First of all, lemme tell you something about our friendship. It's not typical. Sometimes we have "tampo" phases, and other times we get along reaaalllyy well, which happens most of the time. We mostly have the same views about people, especially our classmates, and that's one thing I don't have in common with most other people. I also unleash the psychologist in me whenever I talk to this girl. We like to analyze people and tear them down to bits and pieces (not in a bad way, of course). I mean, we like to figure out why this person did this and why this person did that. It's like making another one of our Character Sketches in English class last year. Also, meron akong karamay sa aking mga "issue". Pagdating sa mga crush, sa kanya lang talaga ako nag-co-confide and vice versa. She told me that hindi rin daw niya alam kung bakit niya nasasabi sakin yung kanyang mga "secret" kuno. LOL. Ako rin naman ganun. I feel like we have this bond of trust na sa kanya ko lang talaga nahanap. I can really be myself whenever I'm around her kasi kapag I feel so mayabang and ma-pride na at times, she knows how to insult (wrong word choice, but it works) me. Edi yun. I go back to normal ulit. Para bang she's one of the few people who makes me stay grounded all the time. ;-)

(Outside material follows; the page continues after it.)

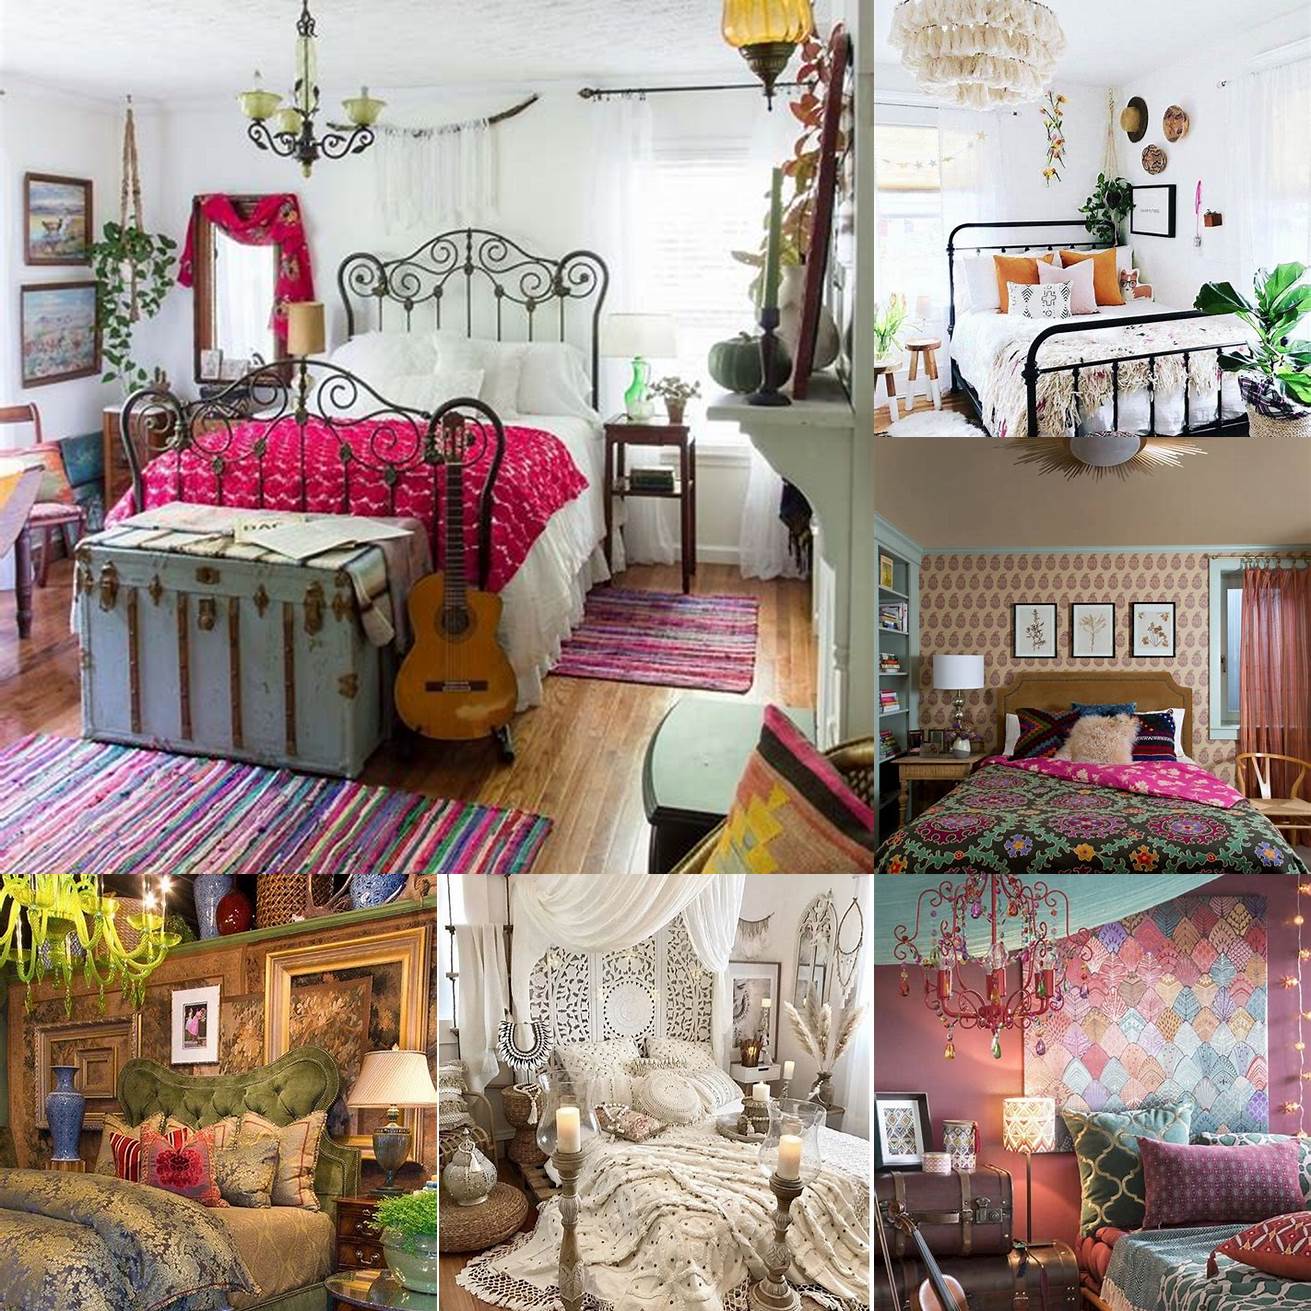 Mixing Shabby Chic with bohemian style creates a unique and eclectic bedroom design

Oo nga pala. We started being close friends last year. Nung kaharap ko siya sa Chinese. We naturally became each other's confidantes. We told each other eveything! We still do. This year, though, medyo 'di na kami nagkakausap kasi nga super busy kaming dalawa tsaka malayo na yung seating arrangement namin. Kanina lang talaga kami nag-catch up sa mga happenings ng sucky lives namin. Hahahahaha. Jokejokejoke. It was very nice talking to her again. I felt like I found my real personality once more. Why? Because when I'm with my other "pwends", I feel left out sometimes. Like I'm invisible or something. Anywaaaaay, don't mind about that.
Nasanay na 'ko feeling that way.
6 years of elementary + 2 years of kindergarten + 1 year of nursery + a lot of days in between high school = a lifetime's worth of invisibility.
Don't feel sorry for me, though. I like my life. I'm not suicidal, that's for sure.
On my way to HERE, I've discovered a lot of things about people. I've realized how to accept them as they are (super cliche, 'no?). I'm not saying na mahal ko na silang lahat. No waaay. I don't like most people (yes, I'm picky) pero I don't make war naman. Bahala na lang sila. If they don't mess with me, then it's all good.
So anyway, I'm rambling na. Hanggang dito muna. Baka ma-bore na kayo sa kakabasa. LOLsss.